I am a little confused as to what value I have to set --label_nc to and whether I should use the flag --contain-dontcare-label. I tried --label_nc 121 --contain_dontcare_label and this gives me a CUDA error like this:

/pytorch/aten/src/ATen/native/cuda/ScatterGatherKernel.cu:312: operator(): block: [688,0,0], thread: [55,
0,0] Assertion `idx_dim >= 0 && idx_dim < index_size && "index out of bounds"` failed.                   
/pytorch/aten/src/ATen/native/cuda/ScatterGatherKernel.cu:312: operator(): block: [688,0,0], thread: [56,
0,0] Assertion `idx_dim >= 0 && idx_dim < index_size && "index out of bounds"` failed.                   
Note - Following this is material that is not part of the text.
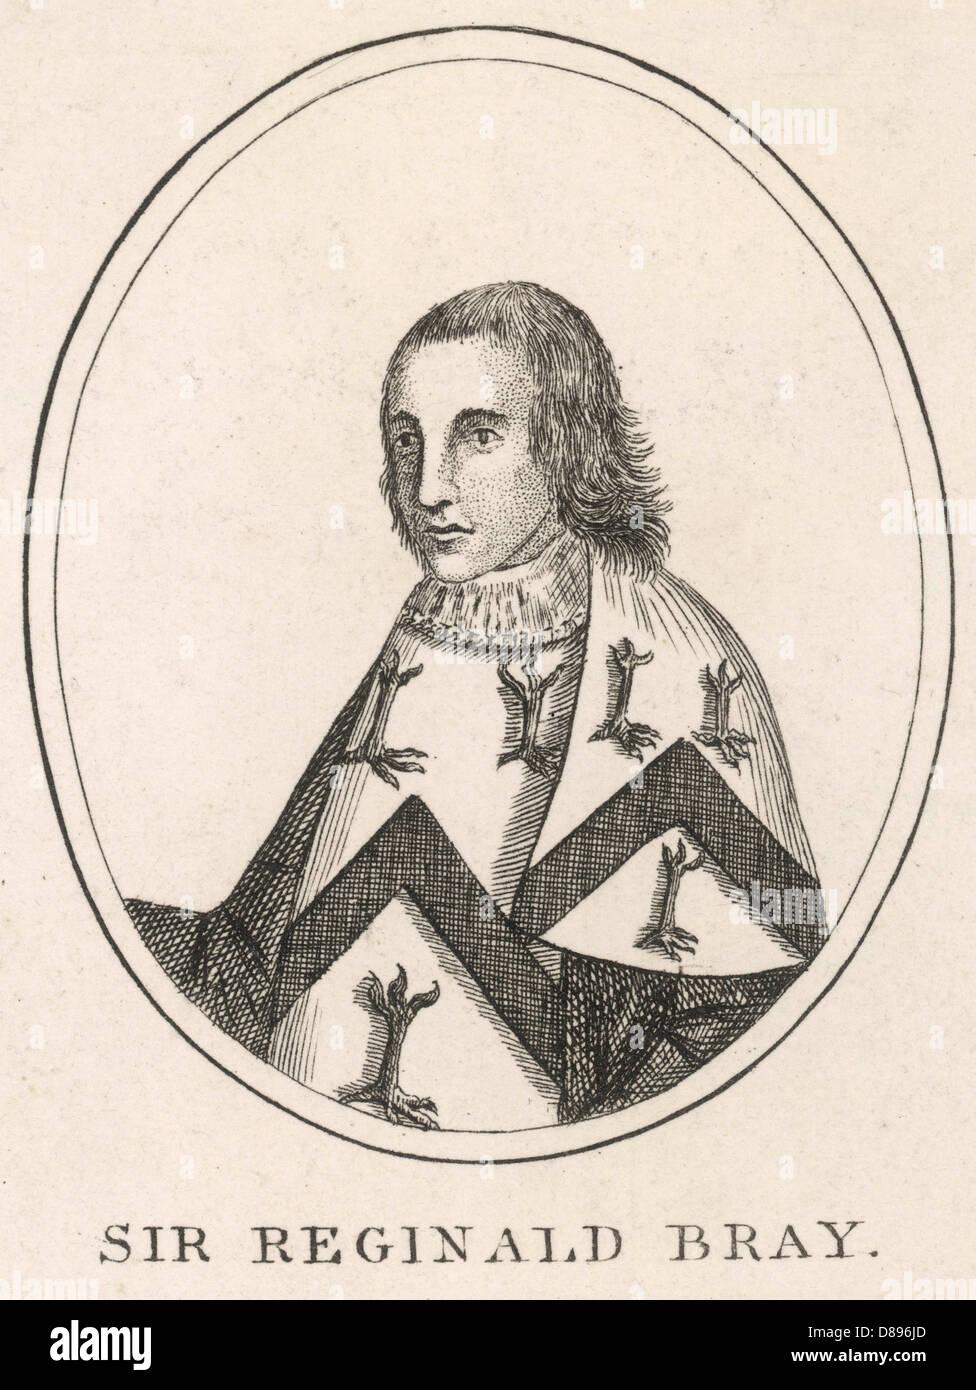 Sir Reginald Bray - Stock Image

/pytorch/aten/src/ATen/native/cuda/ScatterGatherKernel.cu:312: operator(): block: [688,0,0], thread: [57,
0,0] Assertion `idx_dim >= 0 && idx_dim < index_size && "index out of bounds"` failed.                   
/pytorch/aten/src/ATen/native/cuda/ScatterGatherKernel.cu:312: operator(): block: [686,0,0], thread: [50,
0,0] Assertion `idx_dim >= 0 && idx_dim < index_size && "index out of bounds"` failed.                   
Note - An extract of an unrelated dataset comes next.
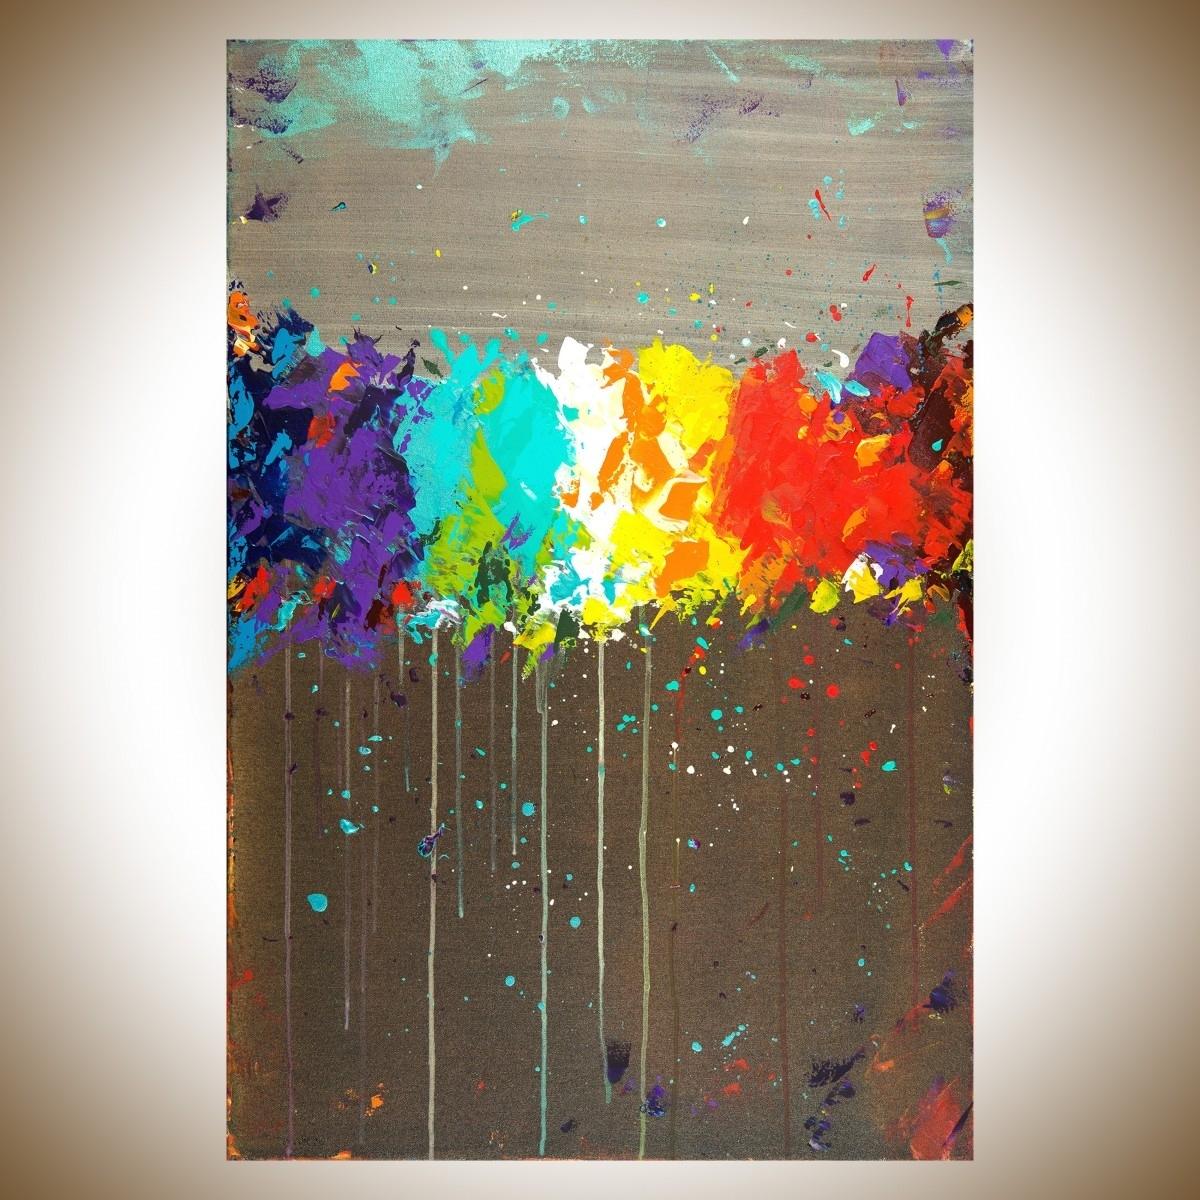 "Fireworksqiqigallery 36""x24"" Original Modern Abstract Wall Regarding 2017 Modern Abstract Wall Art (View 9 of 15)"

/pytorch/aten/src/ATen/native/cuda/ScatterGatherKernel.cu:312: operator(): block: [686,0,0], thread: [51,
0,0] Assertion `idx_dim >= 0 && idx_dim < index_size && "index out of bounds"` failed.                   
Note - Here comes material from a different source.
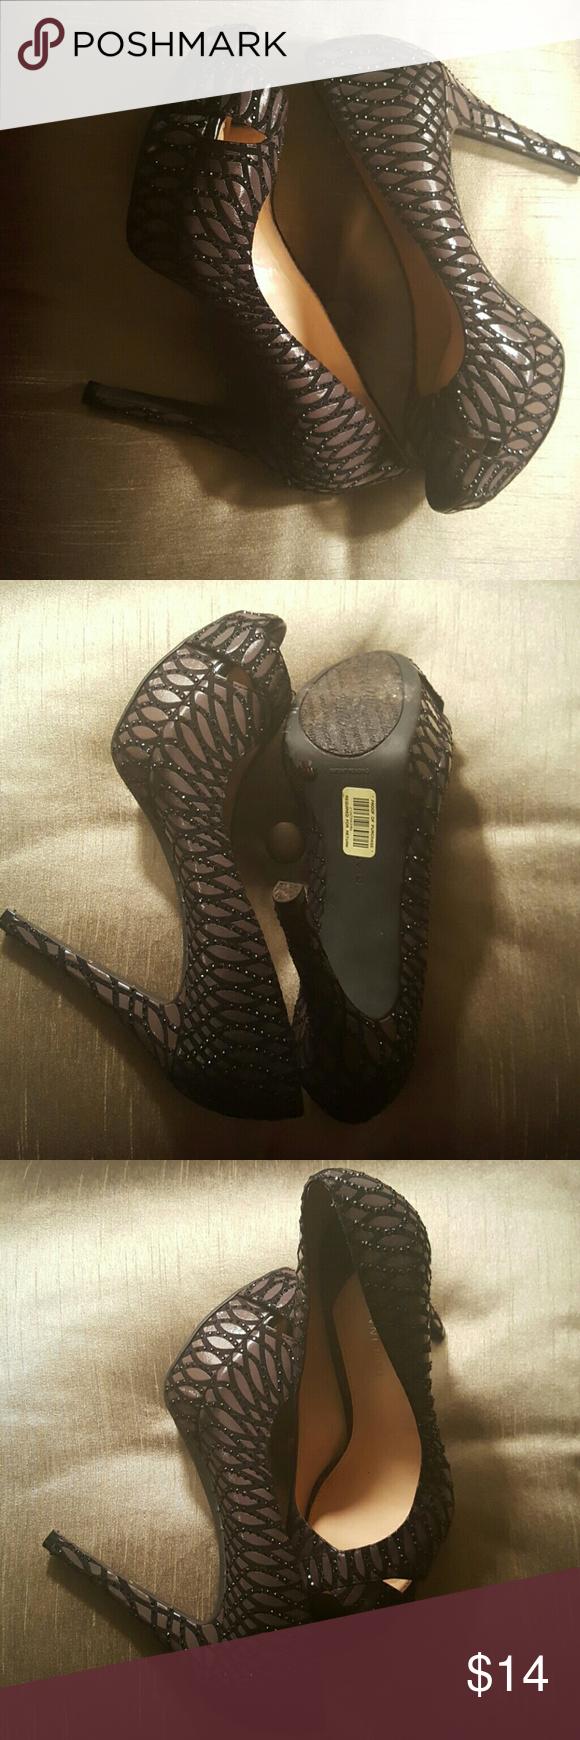 Gianni Bini Black & Brown Heels Gianni Bini Black & Brown Heels. Gently worn. Good condition. Giani Bernini Shoes Heels

/pytorch/aten/src/ATen/native/cuda/ScatterGatherKernel.cu:312: operator(): block: [686,0,0], thread: [52,
0,0] Assertion `idx_dim >= 0 && idx_dim < index_size && "index out of bounds"` failed.                   
/pytorch/aten/src/ATen/native/cuda/ScatterGatherKernel.cu:312: operator(): block: [686,0,0], thread: [53,
0,0] Assertion `idx_dim >= 0 && idx_dim < index_size && "index out of bounds"` failed.                   
/pytorch/aten/src/ATen/native/cuda/ScatterGatherKernel.cu:312: operator(): block: [686,0,0], thread: [54,
0,0] Assertion `idx_dim >= 0 && idx_dim < index_size && "index out of bounds"` failed.                   
/pytorch/aten/src/ATen/native/cuda/ScatterGatherKernel.cu:312: operator(): block: [686,0,0], thread: [55$0,0] Assertion `idx_dim >= 0 && idx_dim < index_size && "index out of bounds"` failed.                   /pytorch/aten/src/ATen/native/cuda/ScatterGatherKernel.cu:312: operator(): block: [686,0,0], thread: [21$0,0] Assertion `idx_dim >= 0 && idx_dim < index_size && "index out of bounds"` failed.                   /pytorch/aten/src/ATen/native/cuda/ScatterGatherKernel.cu:312: operator(): block: [686,0,0], thread: [22$0,0] Assertion `idx_dim >= 0 && idx_dim < index_size && "index out of bounds"` failed.                   /pytorch/aten/src/ATen/native/cuda/ScatterGatherKernel.cu:312: operator(): block: [686,0,0], thread: [23$
0,0] Assertion `idx_dim >= 0 && idx_dim < index_size && "index out of bounds"` failed.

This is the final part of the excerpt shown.